The way I think about this is that, in natural autonomy as opposed to free will,

  • Freedom is replaced with: being able to do otherwise in very similar circumstances
  • Agency is replaced with: emotionally identifying one's phenomenal self as closely dynamically coupled with the action

Another way to phrase this is: if an action is something that


  • depends sensitively on our internals, in the sense that slight variations in the environment or our internals could cause us to do something significantly different
  • we can at least roughly model and comprehend in a rational way, as a dynamical unfolding from precursors and environment into action was closely coupled with our holistic structure and dynamics, as modeled by our phenomenal self

then there is a sense in which "we own the action." And this sense of "ownership of an action" or "natural autonomy" is compatible with both classical and quantum physics, and with the known facts of neurobiology.

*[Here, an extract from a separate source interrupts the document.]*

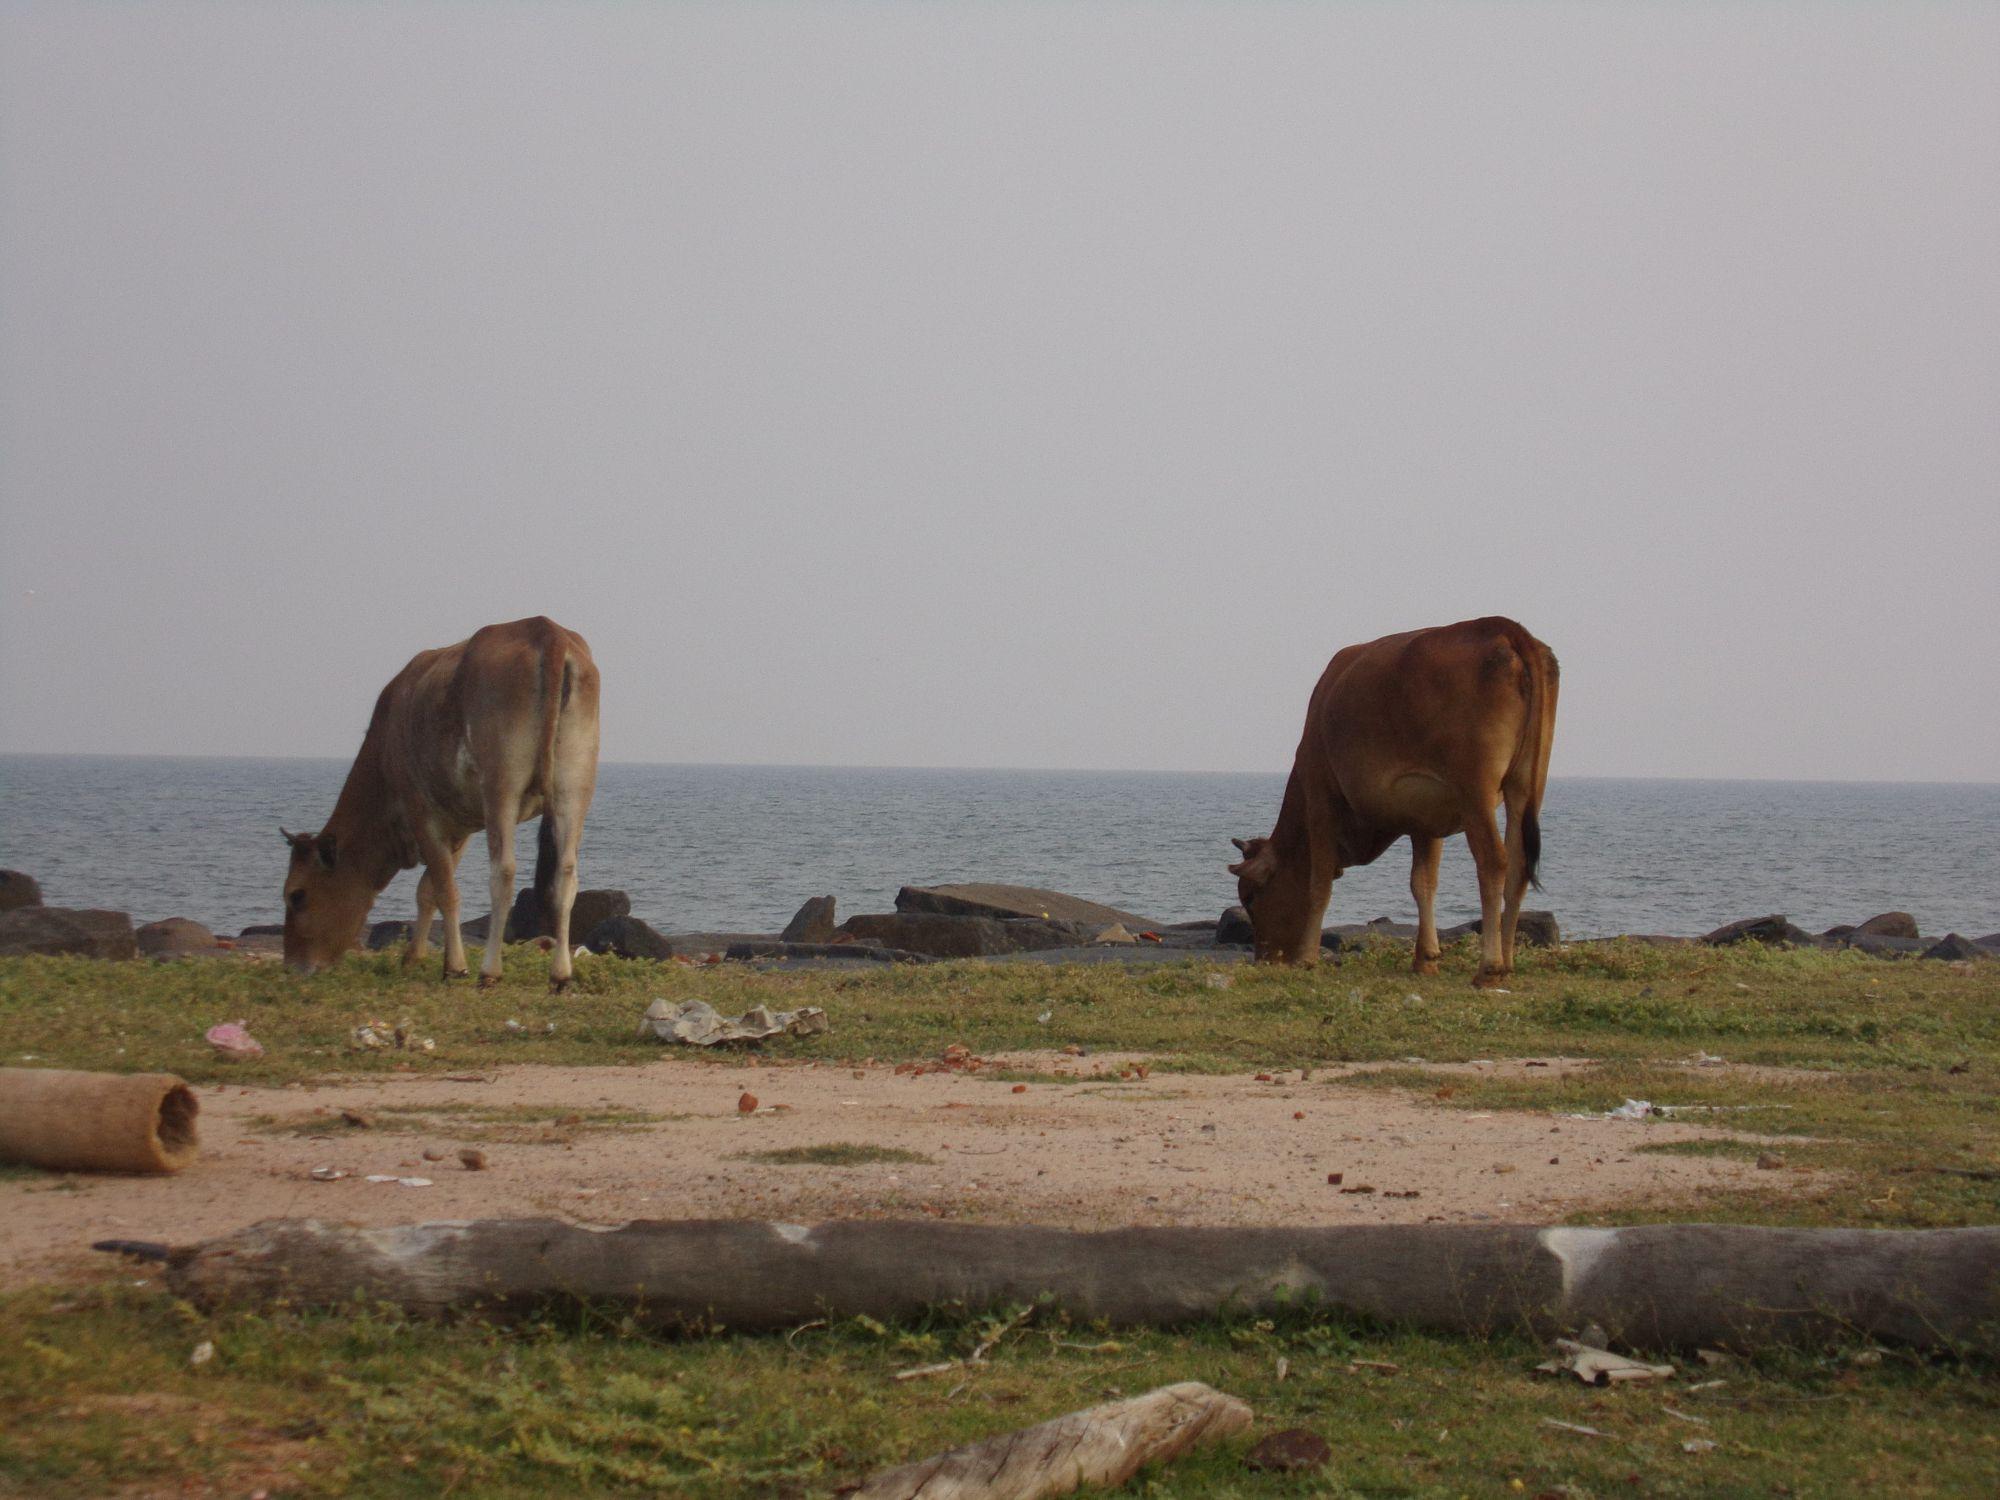 Inde du sud vache ocean indien

Perhaps "owning an action" can take the place of "willing an action" in the internal folk psychology of people who are not comfortable with the degree to which the classical notion of free will is illusory.

Another twist that Walter doesn't emphasize is that even actions which we do own, often

  • depend with some statistical predictability upon our internals, in the sense that agents with very similar internals and environments to us, have a distinct but not necessarily overwhelming probabilistic bias to take similar actions to us

This is important for reasoning rationally about our own past and future actions -- it means we can predict ourselves statistically even though we are naturally autonomous agents who own our own actions.

Free will is often closely tied with morality, and natural autonomy retains this. People who don't "take responsibility for their actions" in essence aren't accepting a close dynamical coupling between their phenomenal self and their actions. They aren't owning their actions, in the sense of natural autonomy -- they are modeling themselves as NOT being naturally autonomous systems, but rather as systems whose actions are relatively uncoupled with their phenomenal self, and perhaps coupled with other external forces instead.

None of this is terribly shocking or revolutionary-sounding -- but I think it's important nonetheless. What's important is that there are rational, sensible ways of thinking about ourselves and our decisions that don't require the illusion of free will, and also don't necessarily make us feel like meaningless, choiceless deterministic or stochastic automata.